William Mills (10 November 1750 – 20 March 1820) was a British Member of Parliament and Director, East India Company.

==Early life==
William Mills was born on 10 November 1750. He was the eldest son of the Rev. John Mills, rector of Barford and Oxhill, Warwickshire, and his younger brother was Charles Mills, MP for Warwick.

He was educated at Felsted School. He inherited Warden's Hall, High Ongar, Essex from his uncle William in 1782 and succeeded his father in 1791.

==Career==
He served as a director of the East India Company from 1778 to 1785. He was elected MP for St Ives in 1790, sitting until 1796 and for Coventry for 1805 to 1812. He was appointed High Sheriff of Hampshire for 1803–04.

==Personal life==
On 7 April 1786, Mills married Elizabeth Digby (1758–1828), the daughter of Hon. Wriothesley Digby (son of the 5th Baron Digby) of Coleshill and Meriden Hall, Warwickshire. Together, they had six sons and three daughters, including:

- Elizabeth Mills (d. 1880), who married William Wingfield-Baker, widower of Lady Charlotte-Maria Digby (eldest daughter of the 1st Earl Digby) son of George Wingfield, in 1813.
- John Mills (1789–1871), who was also an MP for Rochester; he married Sarah Charlotte Micklethwait, daughter of Nathaniel Micklethwait and Lady Charlotte Rous (daughter of the 1st Earl of Stradbroke), in 1835.
- Charlotte Mills (1790–1855), who married Henry Combe Compton, son of John Compton, in 1810.
- Maj.
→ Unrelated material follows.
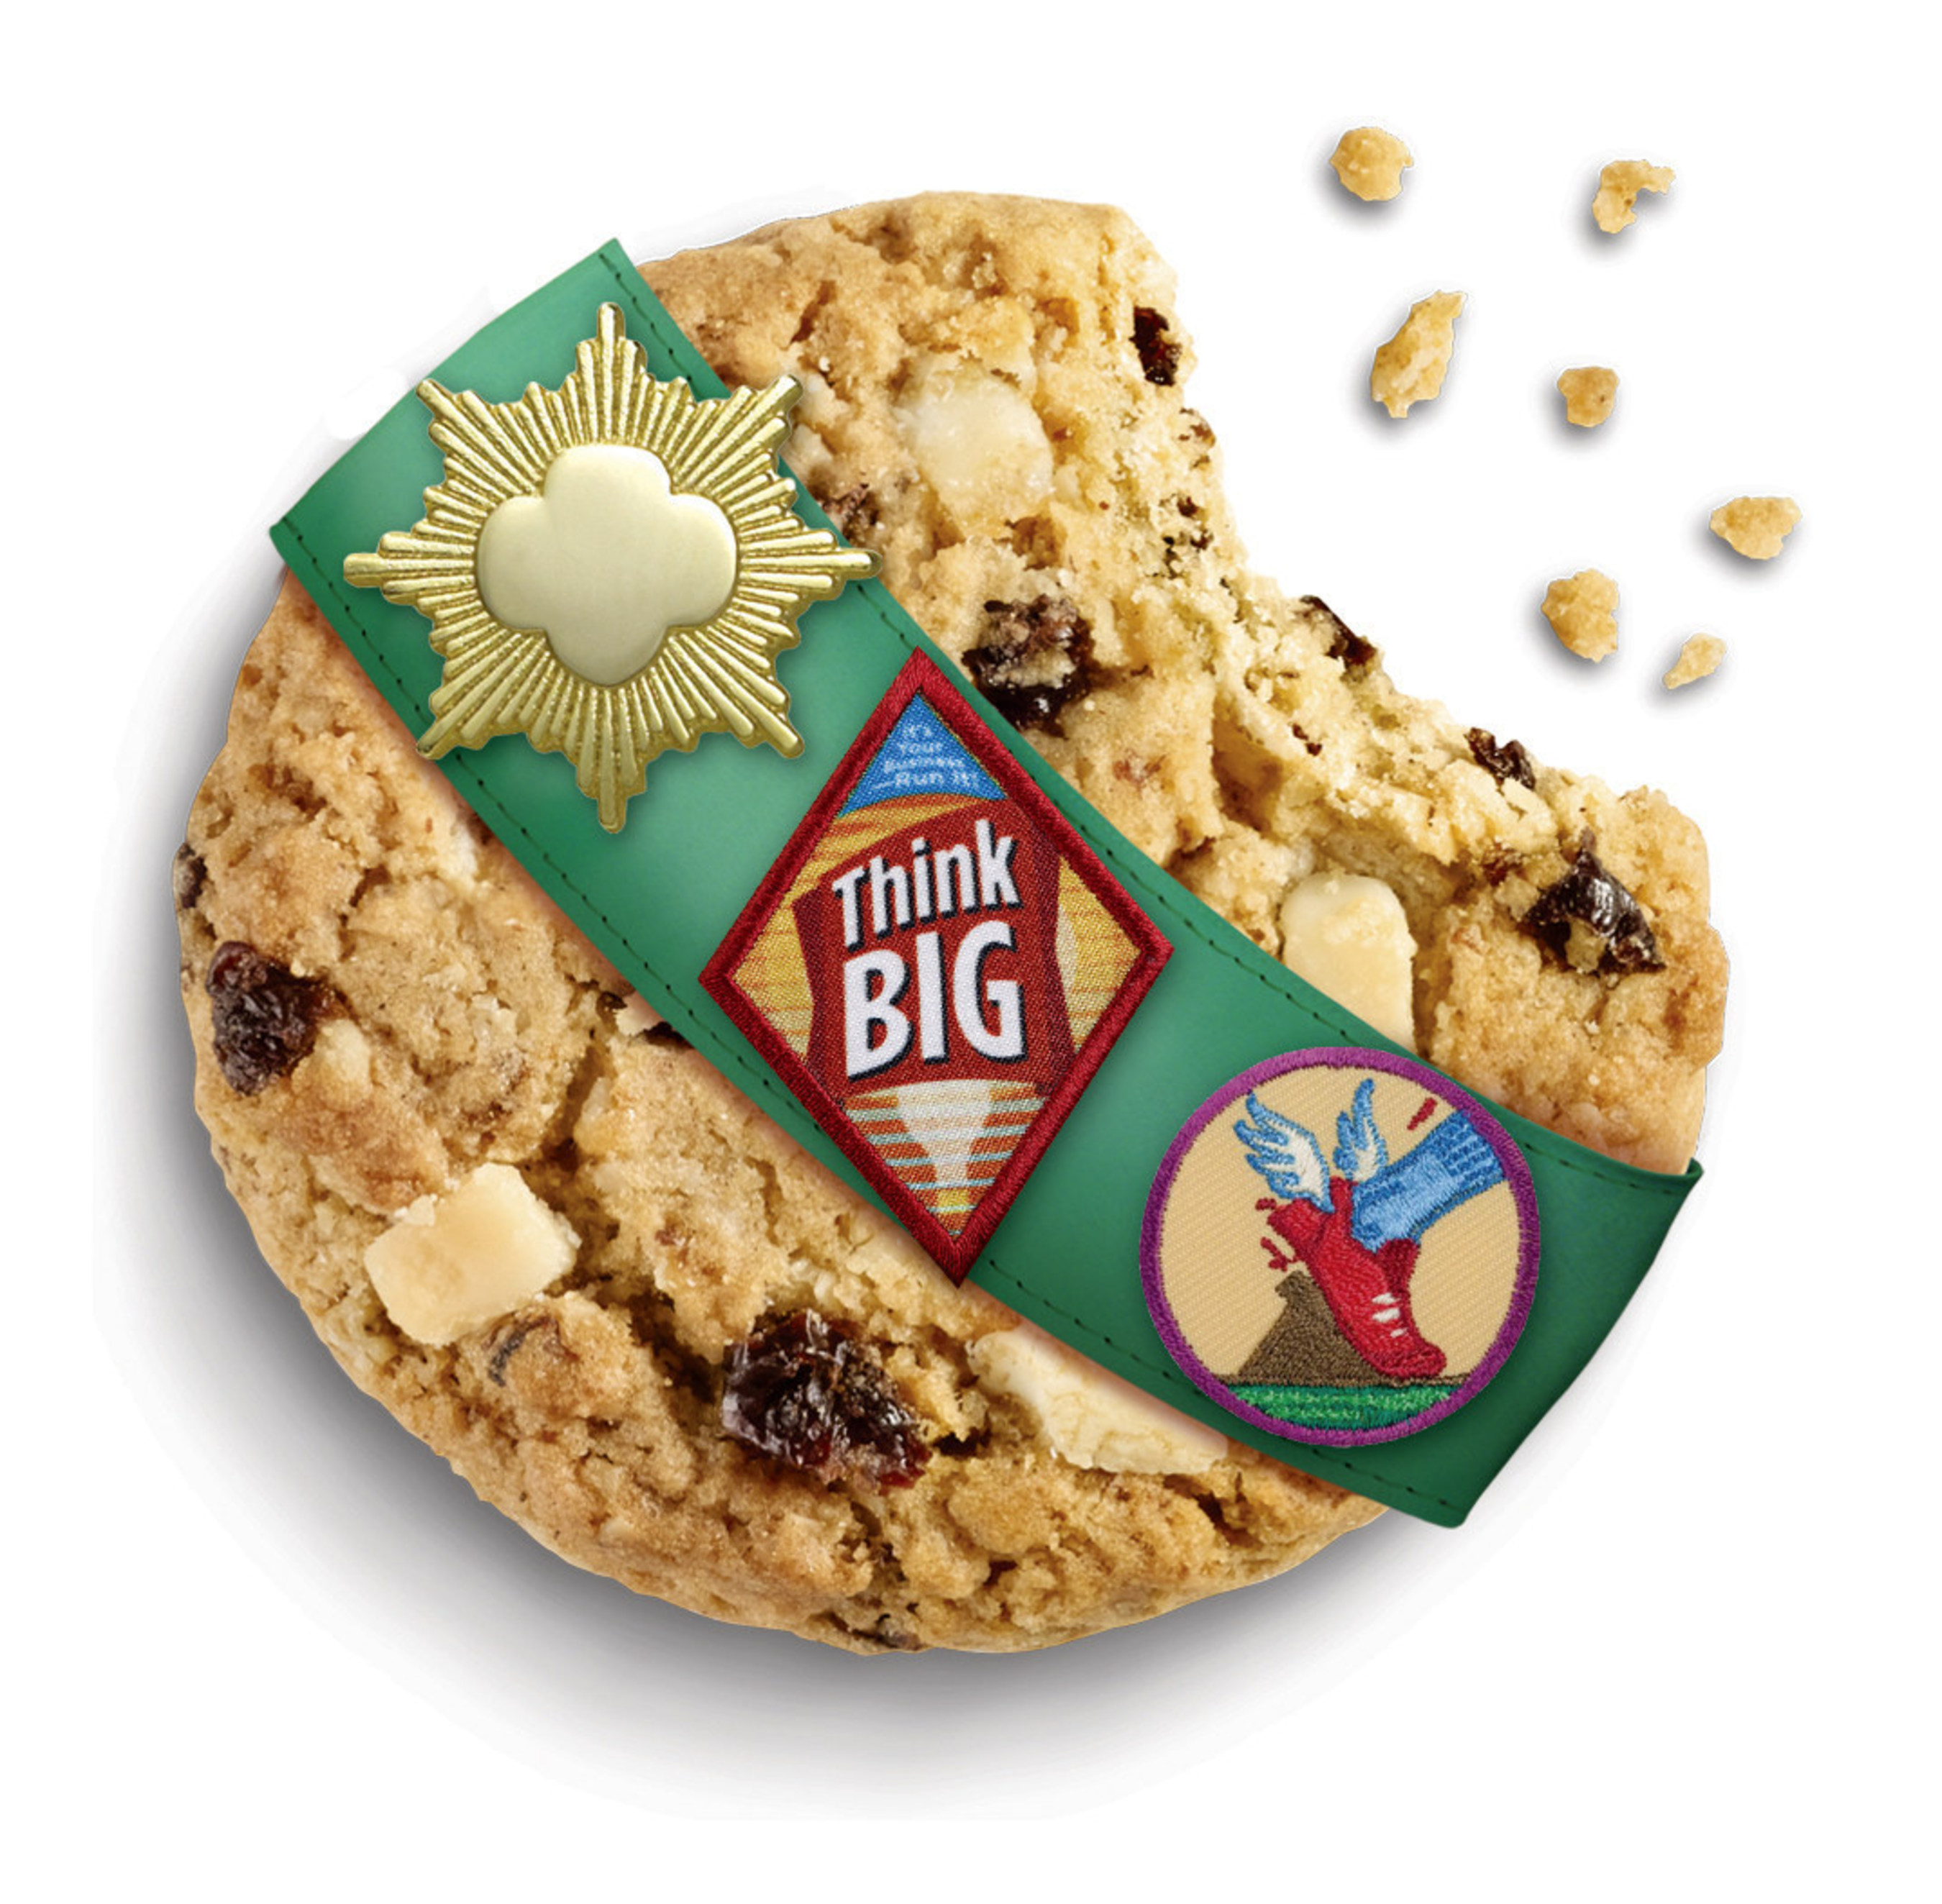 Rah-Rah Raisins are oatmeal raisin cookies with whole grain oats, plump, juicy raisins, and Greek yogurt-flavored chunks.

William Mills (1791–1838), who married Charlotte Hare, daughter of James Hare, in 1814.
- Sir Charles Mills, 1st Baronet (1792–1872), who married Emily Cox, daughter of banker Richard Henry Cox, of Hillingdon House, in 1825.
- Francis Mills (1793–1854), who died unmarried.
- Henry Digby Mills (1799–1808), who died unmarried.
- Edward Wheler Mills (1801–1865), who married Frances Ann Wingfield, daughter of his brother-in-law William Wingfield-Baker his first wife, Lady Charlotte-Maria Digby, in 1831.

Mills died on 20 March 1820, leaving his sons John and Charles, £10,000 each, as well as William's brother, Charles's estate.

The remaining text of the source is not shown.